It's not so much that it requires smarts. It's that is requires you to be ever-vigilant and to never make any mistakes. (That's why UB and bounds overflows are so devastating to software security. Almost any slip-up by the developers can be exploited.)
Incidentally, the ever-vigilant bit is also why we really want compilers to be doing the bounds-checking (or proving that it isn't necessary). Compilers are really good at being ever-vigilant. Humans (no matter how smart)... not so much.
> That said, array bounds checking is responsible for so many problems, it seems worth it to raise the minimum for a language.
Amen to that! If I could just add one feature to C - at least as an option - it would be array bounds checks.
I have no trouble with manual memory management - a garbage collector is nice to have, but I have not had many problems with memory leaks or dangling pointers. And the ones I had were relatively easy to locate and fix.
But array bounds violations are so easy to commit and so nasty to track down... When I still wrote C code for a living, I would have gladly sacrificed quite a bit of performance to get bounds checks on all array accesses, at least for testing and debugging...
Well. I'll gladly admit that the C code I have written was way less complex than a web browser. When I still wrote C code for a living, I worked on an application suite that was ~250k lines of code, maybe ~300k, in total, whereas e.g. Firefox is a couple of million lines. I assume other mainstream browsers are similarly big.
Plus, what a browser does is, by nature, a lot more complicated than what I worked on.
EDIT: What I am trying to say is: I do not mean to trivialize use-after-free bugs, but in my personal experience, I did not run into many, while I witnessed (and caused, I am afraid) a bunch of array bounds violations, and they sometimes made me want to cry.
> You don't want to be writing your interpreters in C.
Well, technically, I think most browsers these days are written in C++, but your point remains valid.
OTOH, the "default" Python interpreter is written in C, and so is Perl (Ruby MRI, too, I think, but I am not 100% certain). I cannot recall any major security problem with those languages that originated inside the interpreter (which, of course, does not mean those did not/do not exist). Then again, a web browser is probably far messier in terms of what input is has to deal with.
> Then again, a web browser is probably far messier in terms of what input is has to deal with.
That's the ticket, the browser does have a large attack surface but more importantly it's supposed to safely execute completely arbitrary and untrusted payloads. In the same category are pretty much all of the usual suspect of security issues: flash, java (applets), …
Most interpreters are only fed trusted payloads, lest the developer starts eval'ing stuff they got from god knows where, and in that case the fault is usually laid to the developer's feet rather than the interpreter's.
Yeah. The browser is more like a hypervizor that Amazon might be running to run arbitrary people's VMs. But it has an unimaginably larger surface area than Xen.
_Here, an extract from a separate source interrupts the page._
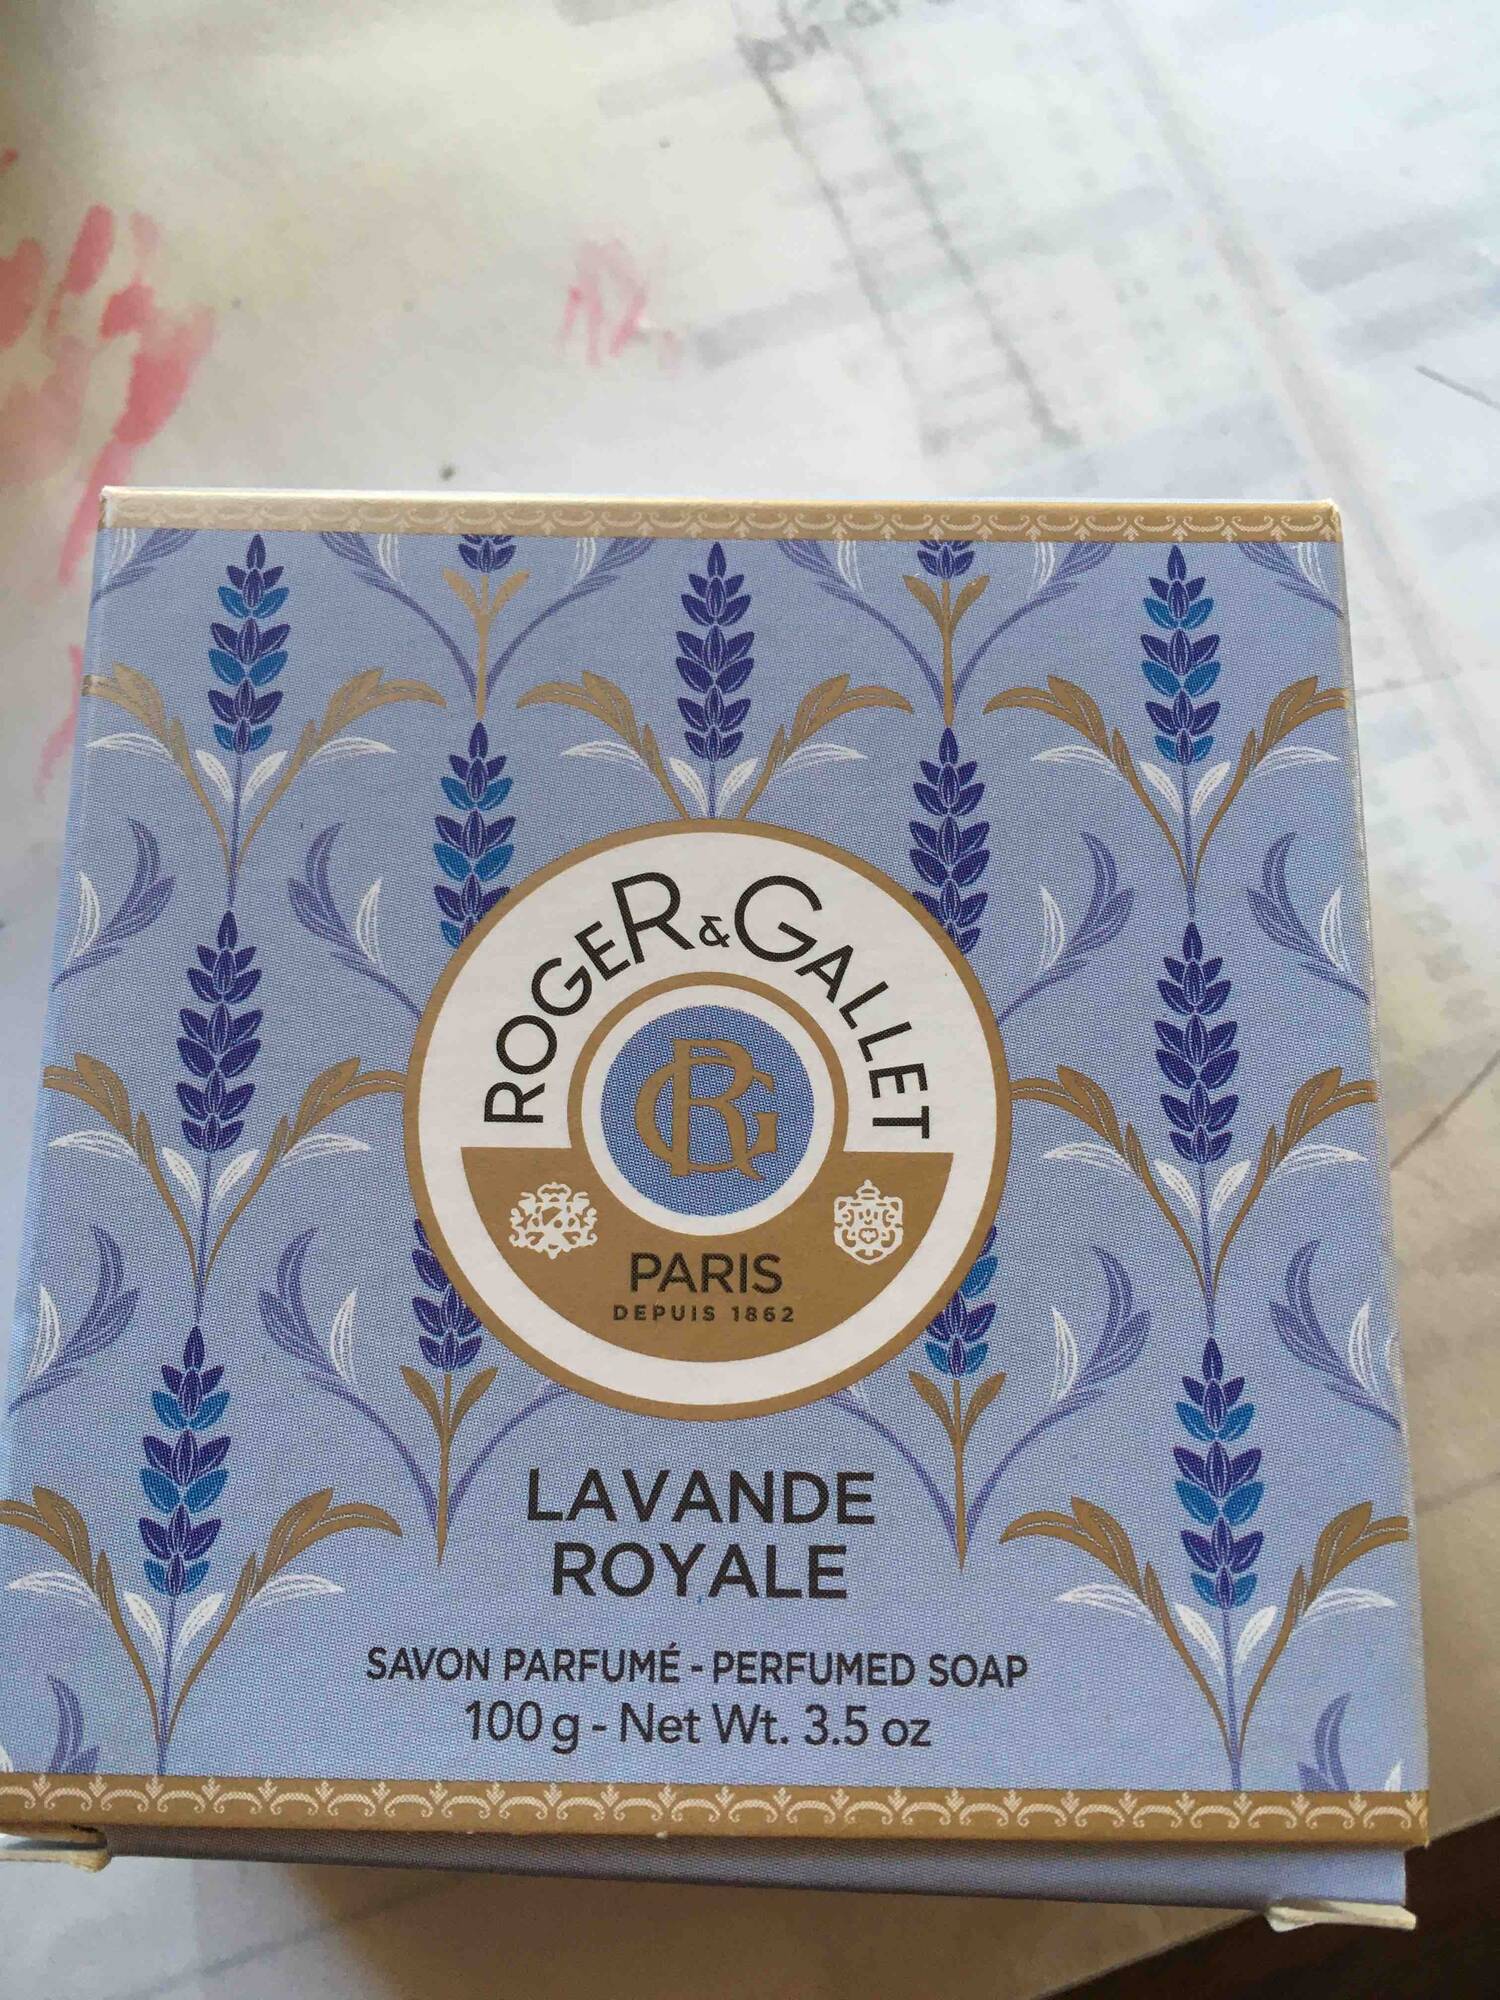 ROGER & GALLET - Lavande royale - Savon parfumé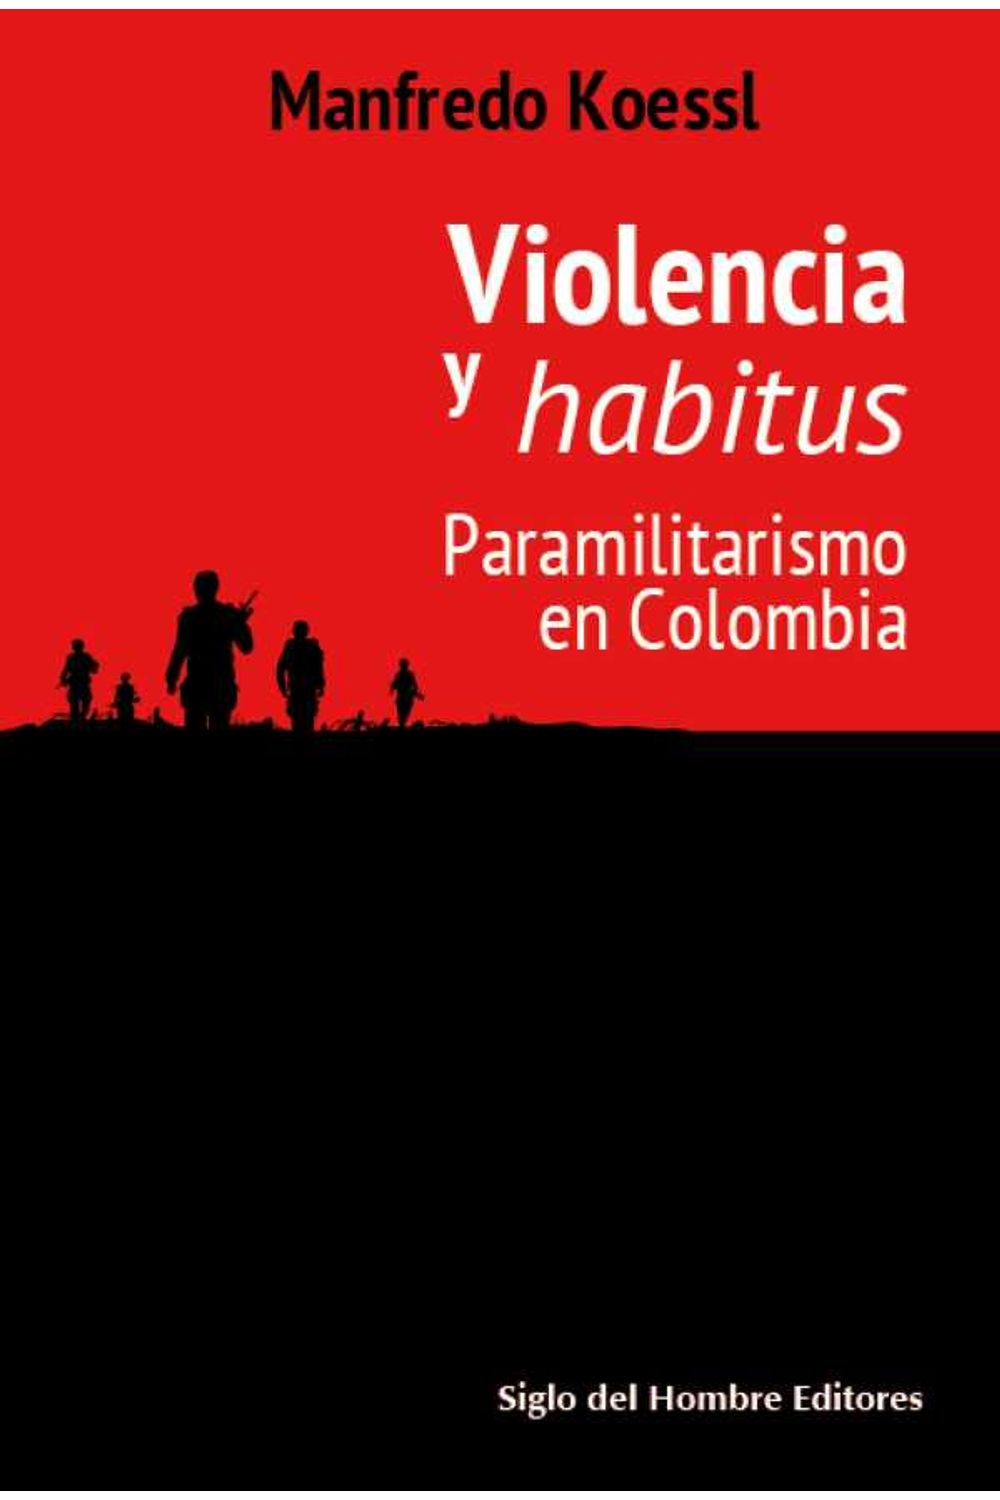 bw-violencia-y-habitus-siglo-del-hombre-editores-9789586653466

Prof. Regehr did not find problems with SQLite. He found constructs in the SQLite source code which under a strict reading of the C standards have “undefined behaviour”, which means that the compiler can generate whatever machine code it wants without it being called a compiler bug. That’s an important finding. But as it happens, no modern compilers that we know of actually interpret any of the SQLite source code in an unexpected or harmful way.
At some point some popular compiler is going to make a subtle but important change to some undefined behavior that's not going to be immediately obvious as to it's repercussions, and the fallout will be massive. It boggles my mind the mental contortions people will go though to justify what is essentially an argument of "it hasn't caused a problem yet" while ignoring that it's caused many problems already, just not that they've noticed or that have affected them.
At some point some popular compiler is going to make a subtle but important change to some undefined behavior that's not going to be immediately obvious as to it's repercussions, and the fallout will be massive.
Wait until you realize that the length of a byte in C is not clearly defined. Someday a processor will come along where a byte is 6 bits, and the fallout will be massive. (Really, it's happened before).
No, actually that processor would not become popular because on one would use it.
The reality is unless you are using a formally-defined language like ML, you are relying on undefined behavior in your language.
The number of bits in a byte is specified by the CHAR_BIT macro, which is required to be at least 8. It's commonly larger than 8 on C compilers for some DSPs, but almost universally 8 for hosted implementations.
Did you see the short-lived attempt to create "friendly C" a few months ago? [1]
There's languages that have a few undefined corners, and then there's C. A sufficiently large difference in quantity becomes a difference in quality. C is qualitatively worse than most modern languages with its undefined behavior. (Granted, some modern languages escape by having the one implementation, which is then the definition. But still, that's less undefined than C.)
It was too ambitious. Some of those examples, like shifting by 32, are about trying to remove even unspecified behavior. If you could reduce most cases of undefined behavior down to "what some real machine would do", it would be an enormous help, and wouldn't be anywhere near as hard.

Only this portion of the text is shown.